# Work to complete
When you copy the listing, reproduce each line as it appears and omit every image.

# Stored data

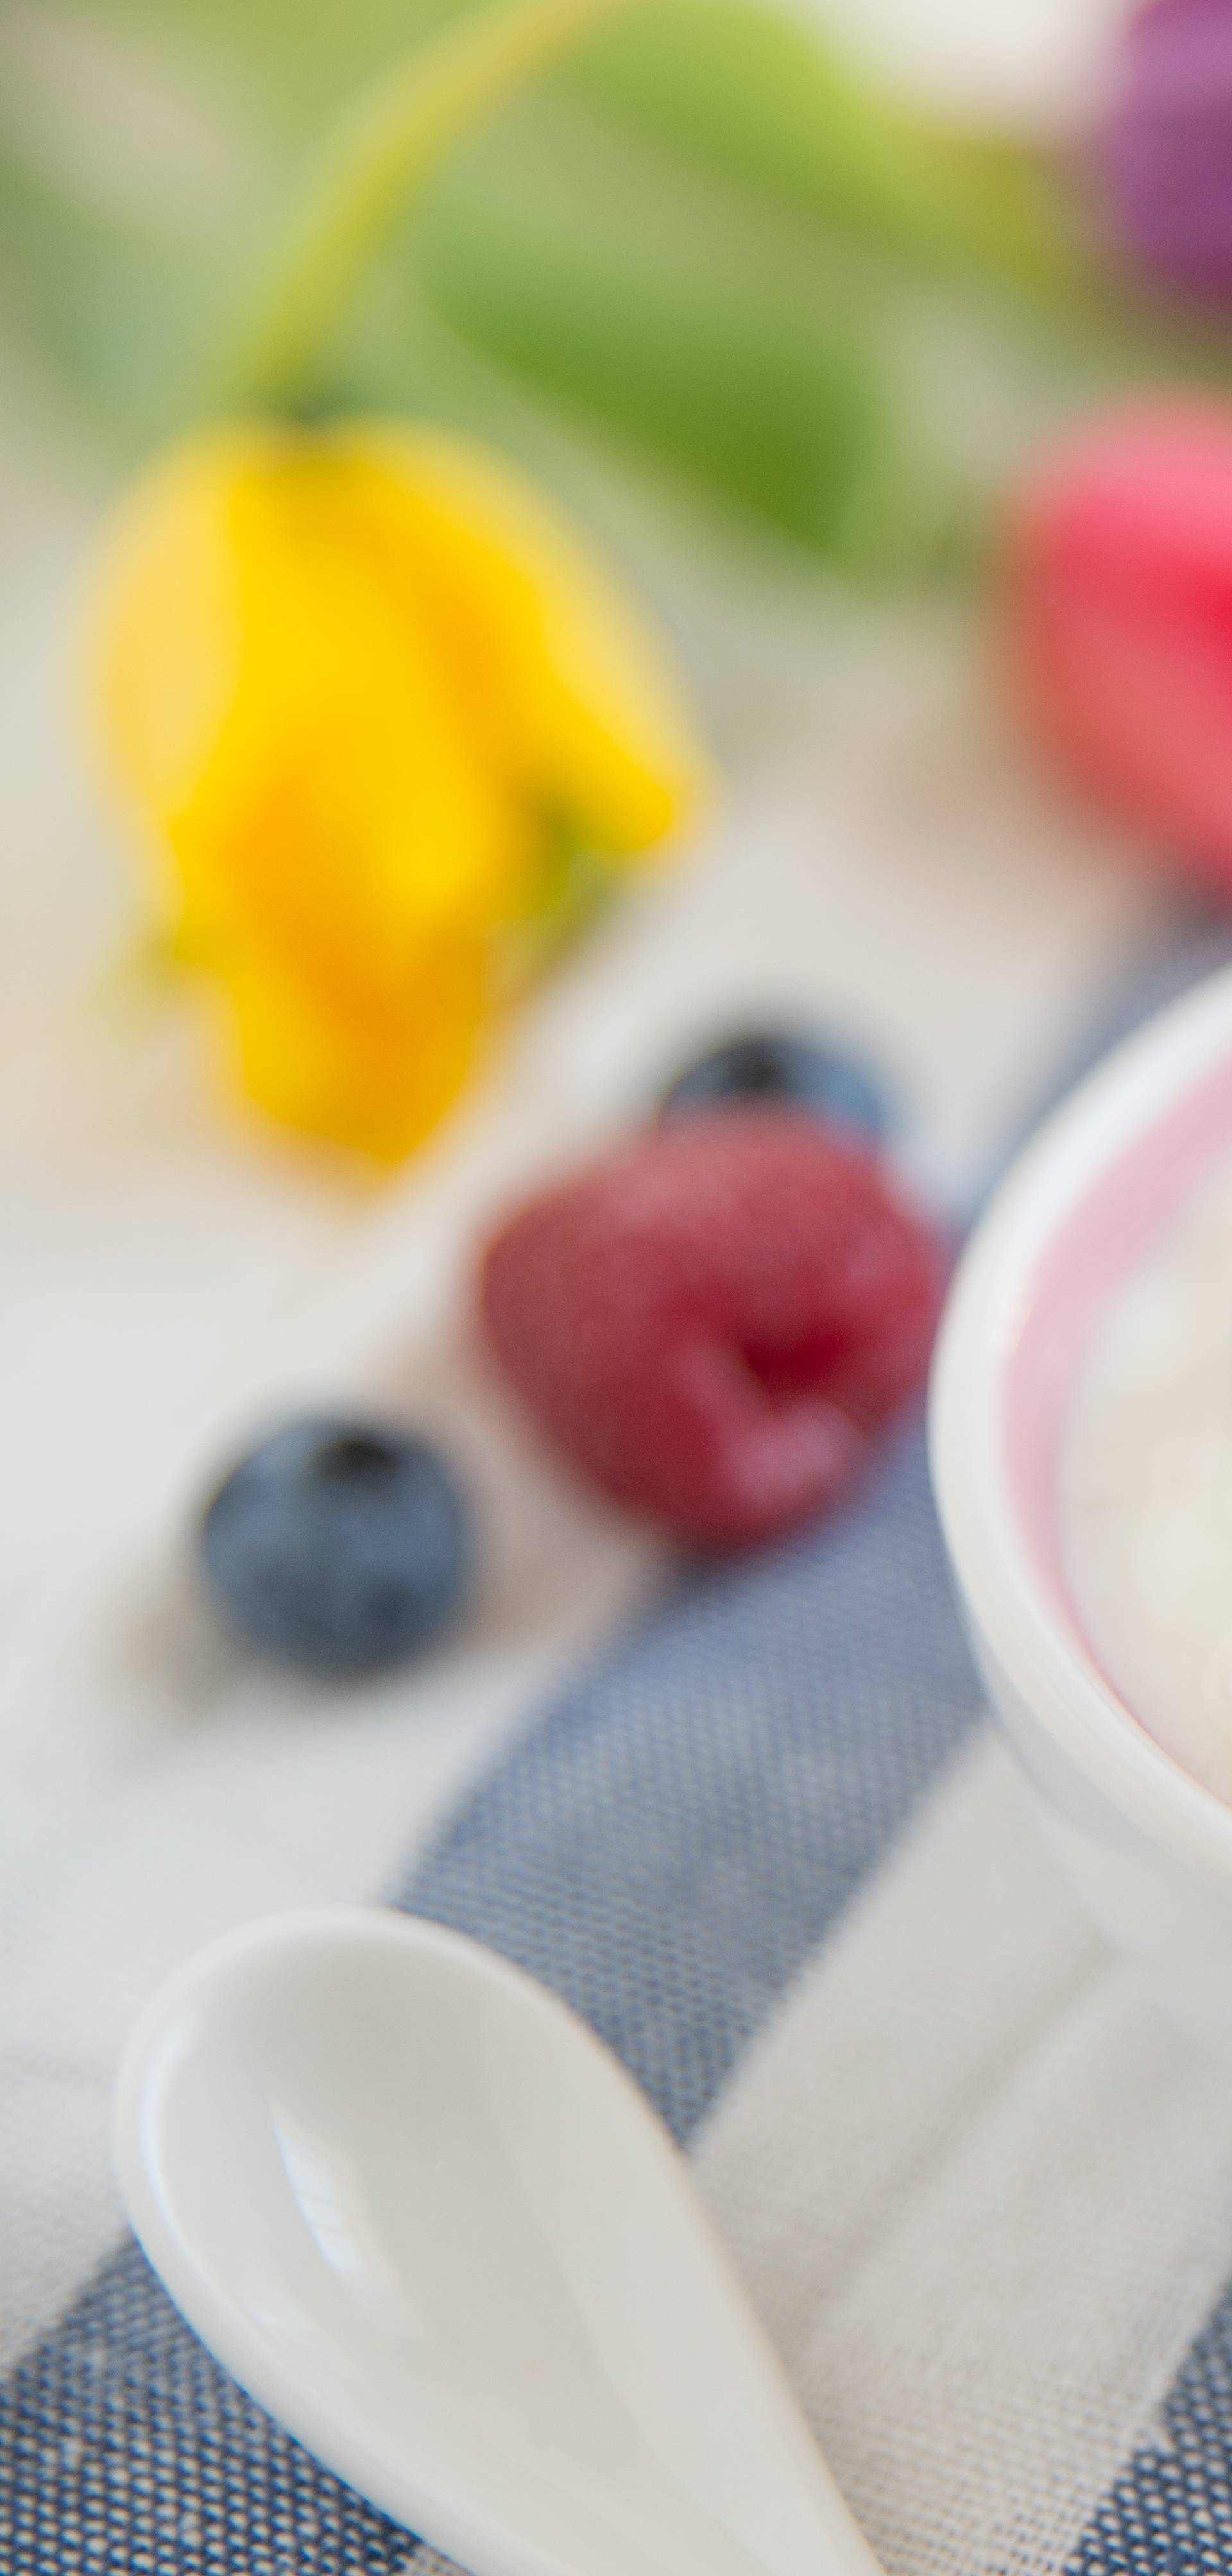 Šalica jogurta jača caklinu i smanjuje rizik od hipertenzije
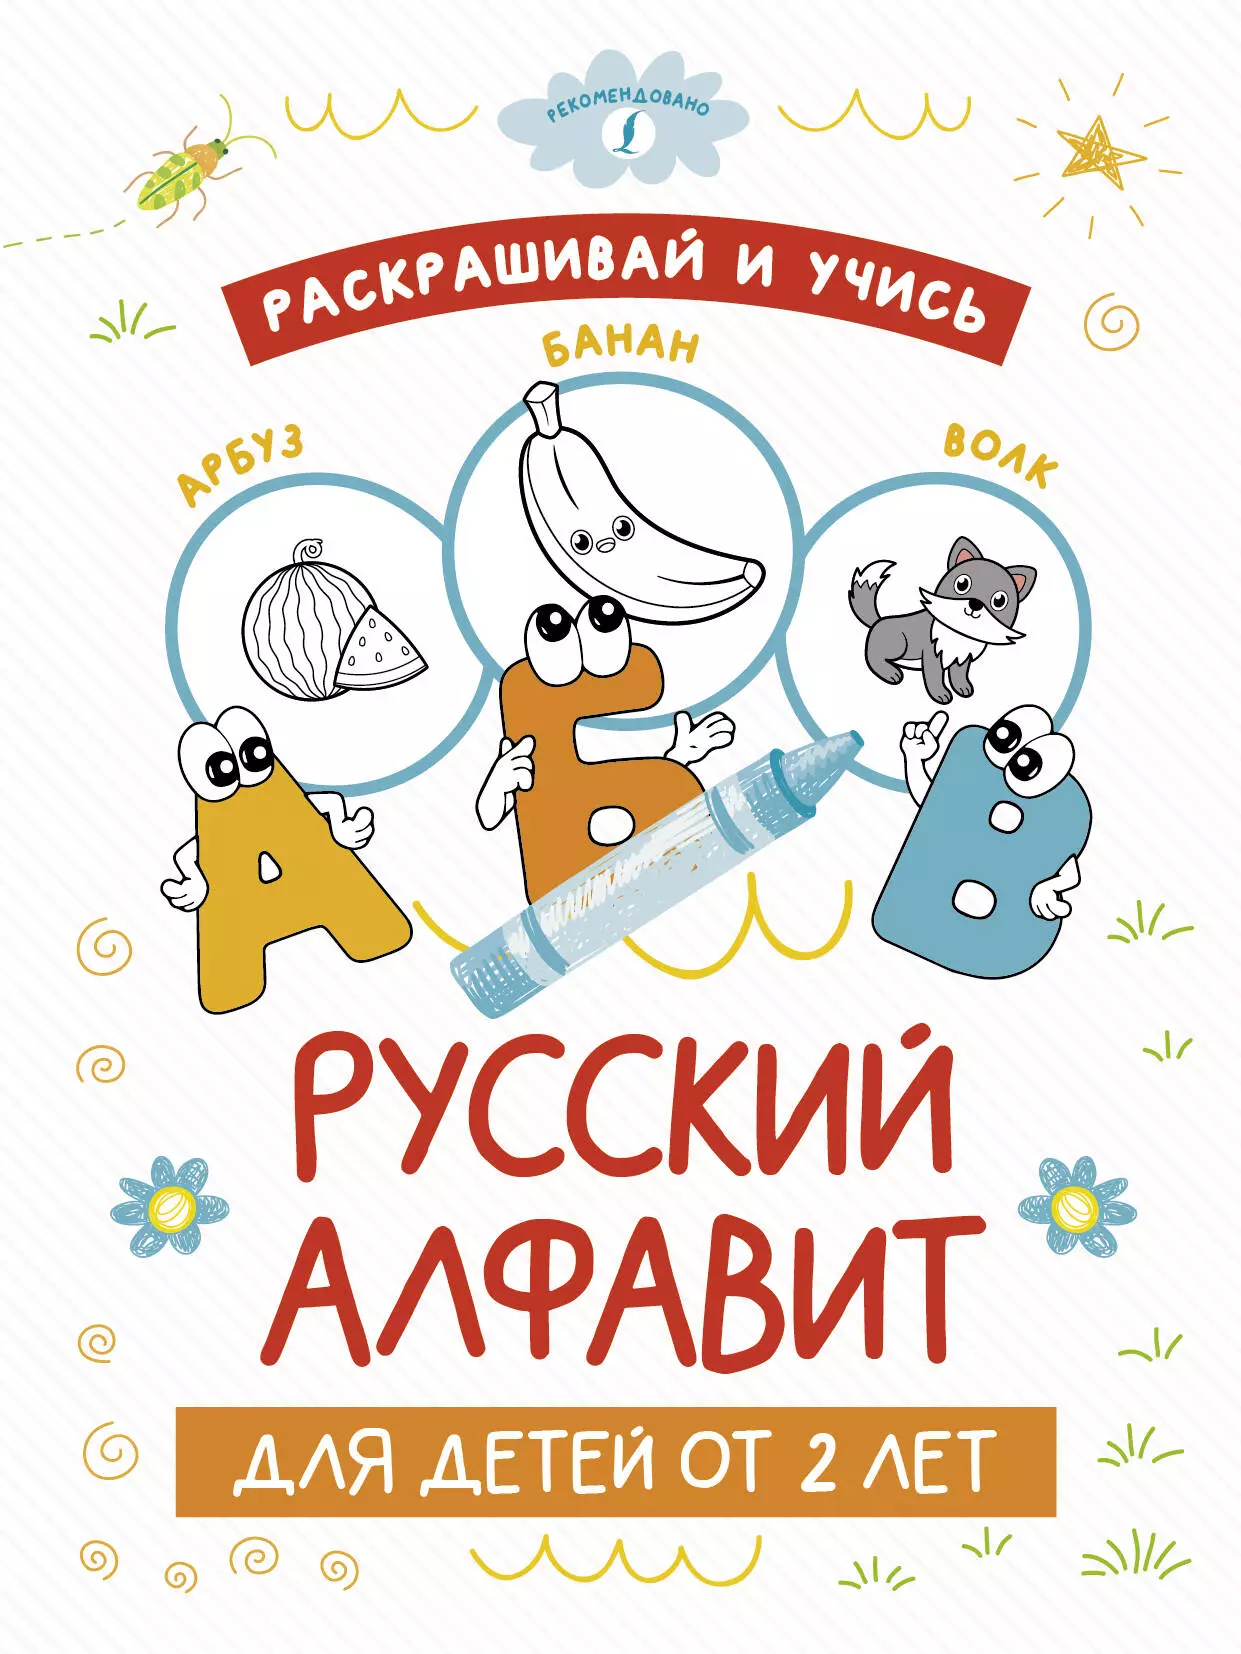 Раскрашивай и учись: русский алфавит для детей от 2 лет раскрашивай и учись русский алфавит для детей от 2 лет
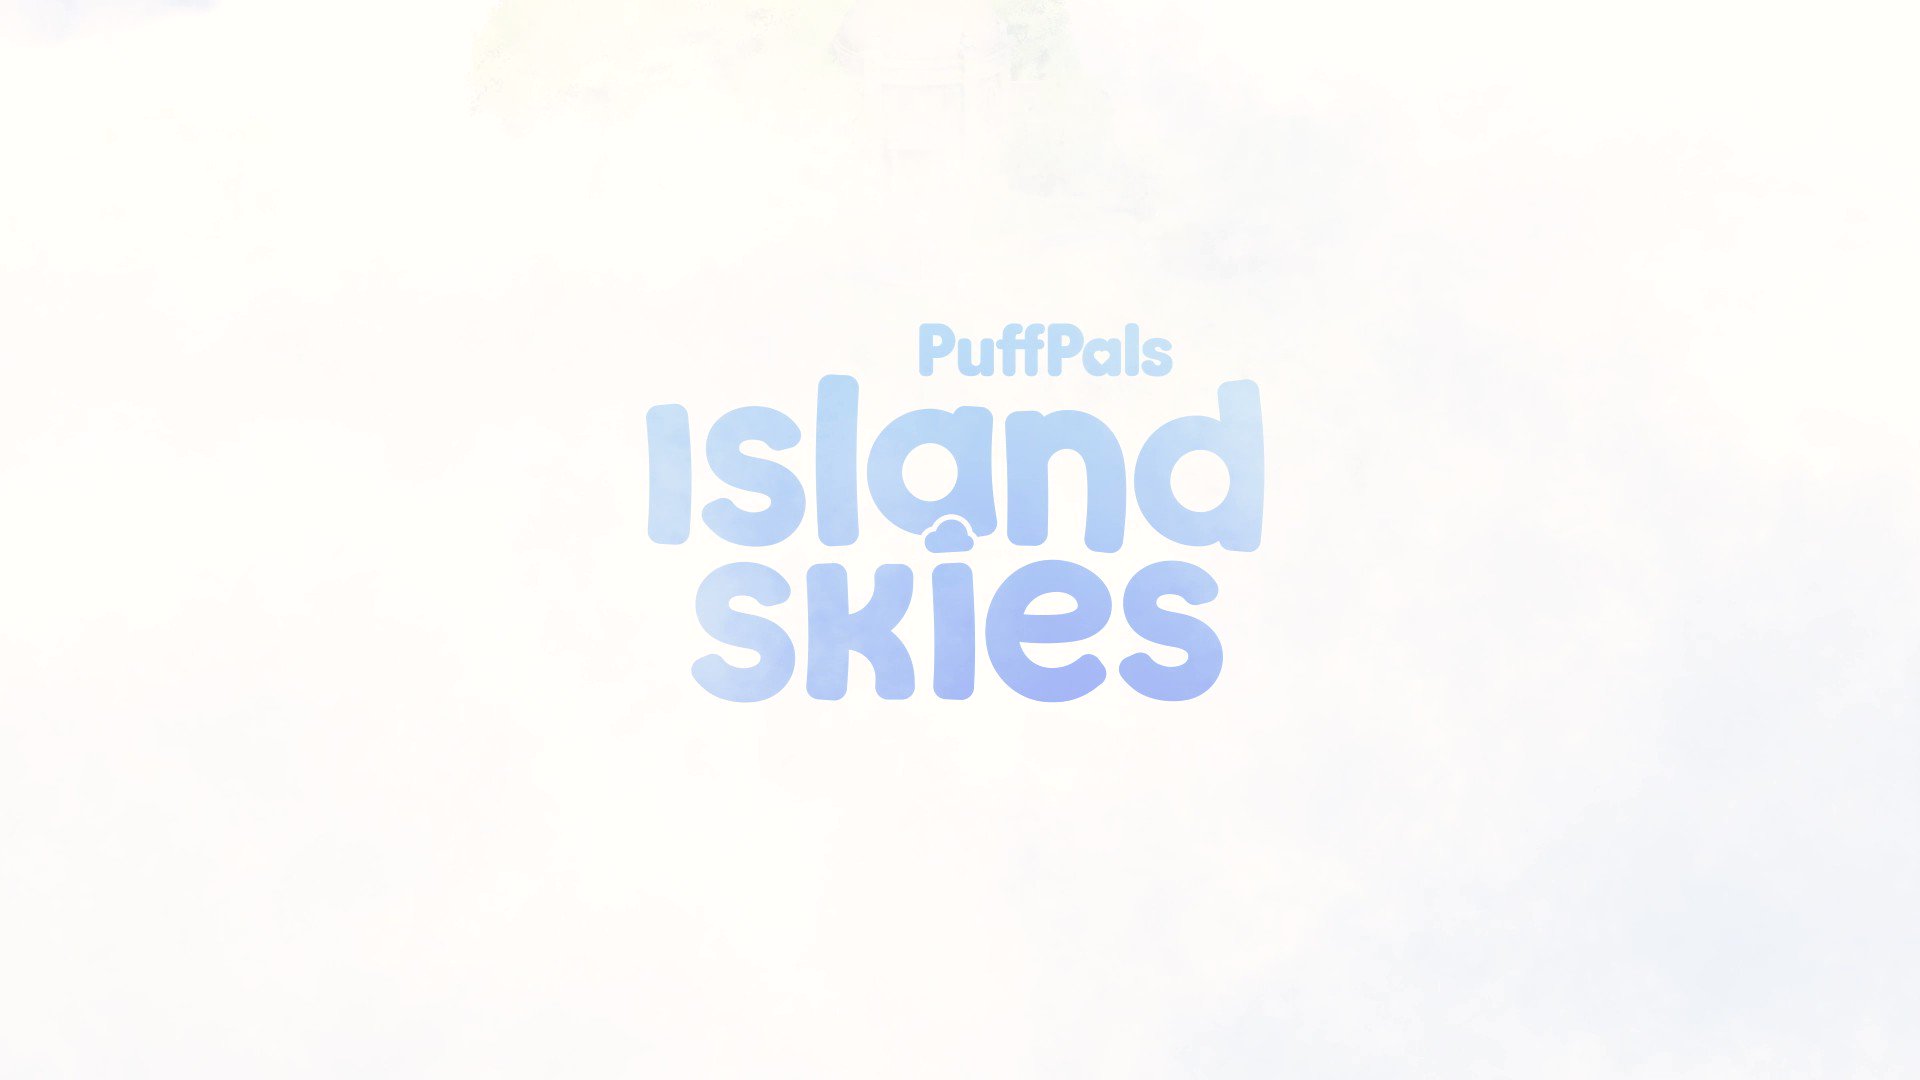 PuffPals: Island Skies by Fluffnest — Kickstarter

# Answer section
 Šalica jogurta jača caklinu i smanjuje rizik od hipertenzije
 Раскрашивай и учись: русский алфавит для детей от 2 лет раскрашивай и учись русский алфавит для детей от 2 лет
 PuffPals: Island Skies by Fluffnest — Kickstarter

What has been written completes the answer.